Sorry for not clarifying things. In the post #7 the diagram and picture shows another case and event than what the picture in post #1 shows. They picture the event from our coordinates. The grey line is the rocket (which is moving), the blue straight line is the blue dot (where we are observing the event). We are at rest in our coordinates, so the blue line is straight.
[.]

Is the calculations correct?

Here's the rocket's coordinates. The grey straight line is the rocket, since it's the rocket's coordinates the rocket is at rest relative to itself (I think one is always at rest relative to itself right?), but we (represented in blue line) are moving relative to the rocket.

View attachment 223177

Is this drawing correct?

I don't have time to check each point but your diagram looks correct. It is similar to the second diagram in post#6. Your calculation shows that that the red light starts earlier than the green light in the spaceship coordinates.

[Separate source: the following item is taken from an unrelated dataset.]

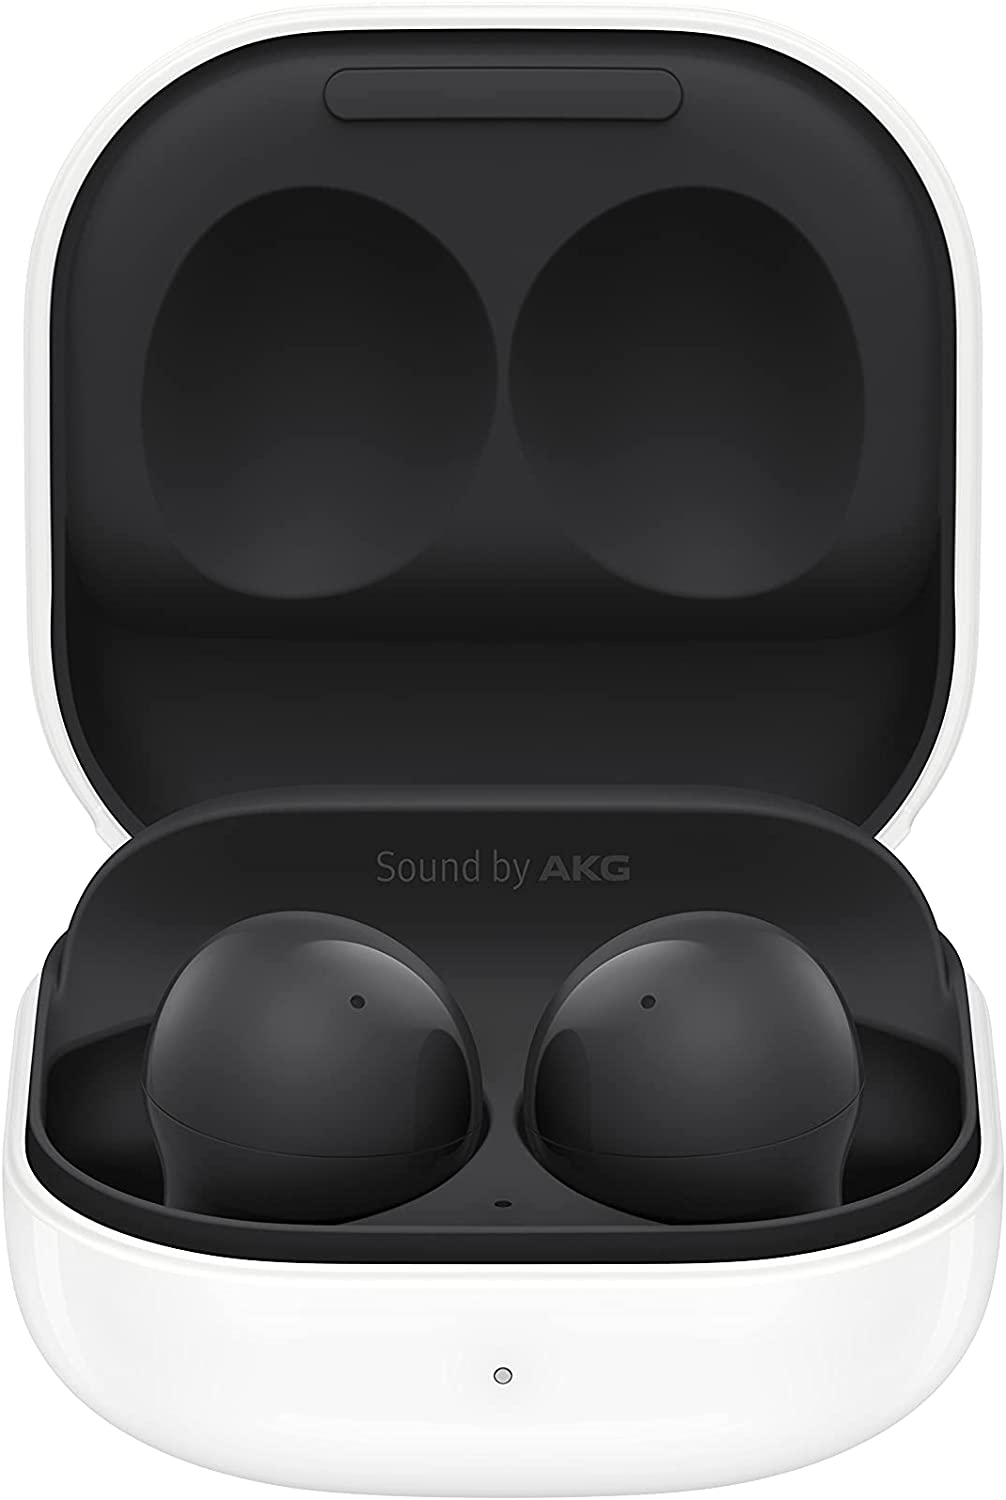 Samsung Galaxy Buds 2 True Wireless Noise Cancelling Bluetooth Earbuds -Graphite (Certified Refurbished)

I hope you can see how the LT let's us calculate the coordinates of events for any inertial observer.
This transformation is passive because nothing changes - the coordinates are describing the same events.
The sort of questions you have asked can usually be answered by using the LT.

An interesting calculation is to transform $t^2-x^2$ to ${t'}^2-{x'}^2$ using the LT I gave. Do it algebraically and you'll get a surprise (maybe).